You need to pass the weights along with the values to be averaged in by():

by(df[c("A","C")], df$B, function(x) weighted.mean(x$A, x$C))
# df$B: gb
# [1] 4
# ------------------------------------------------------------ 
# df$B: hi
# [1] 25.44444
# ------------------------------------------------------------ 
# df$B: yo
# [1] 3
konvas
  • 14,126
  • 2
  • 40
  • 46
  • This is exactly what I was after.
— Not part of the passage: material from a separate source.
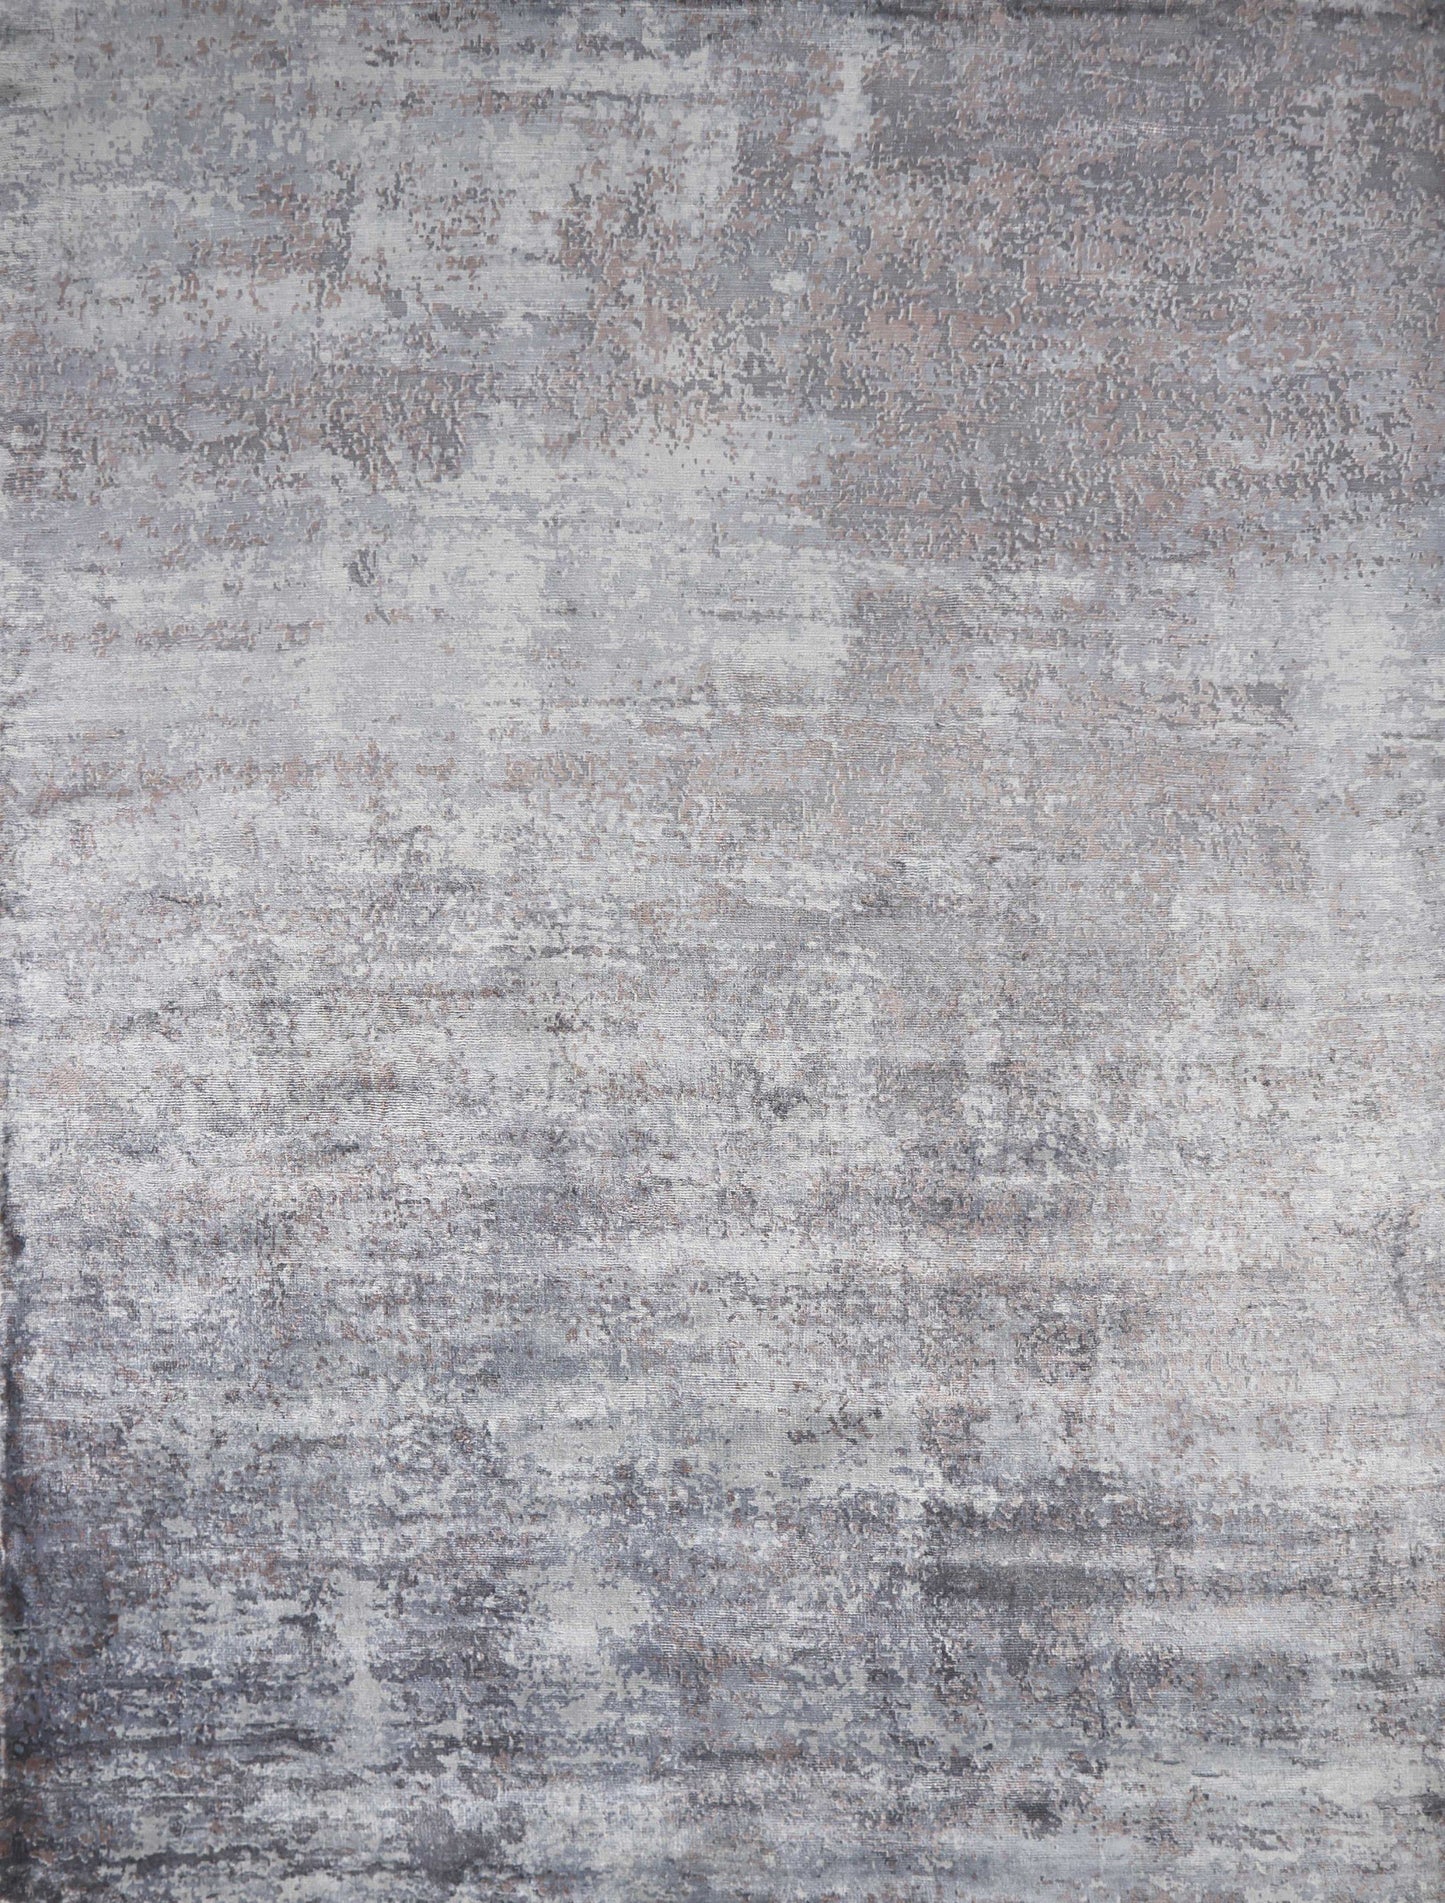 Slate Grey Hand Loomed Abstract Brushstroke Indoor Area Rug

I also wanted to use [] to specify column numbers. `by(df[,c(1,3)], df[,2], function(x) weighted.mean(x[,1], x[,3]))` In my real dataframe the original columns were in the 30's and but in the weighted.mean part they were 1,2. like `by(charlie[c(9,33,35)], charlie[,4], function(x) weighted.mean(x[,3]/x[,2], x[,1], na.rm = TRUE))`. – Monal Dec 25 '14 at 18:57
3

Or simply recreate the calculation used by weighted.mean():

by(df,df$B,function(df)with(df,sum(A*C)/sum(C)))

df$B: gb
[1] 4
------------------------------------------------------------ 
df$B: hi
[1] 25.44444
------------------------------------------------------------ 
df$B: yo
[1] 3
talat
  • 68,970
  • 21
  • 126
  • 157
Stephan Kolassa
  • 7,953
  • 2
  • 28
  • 48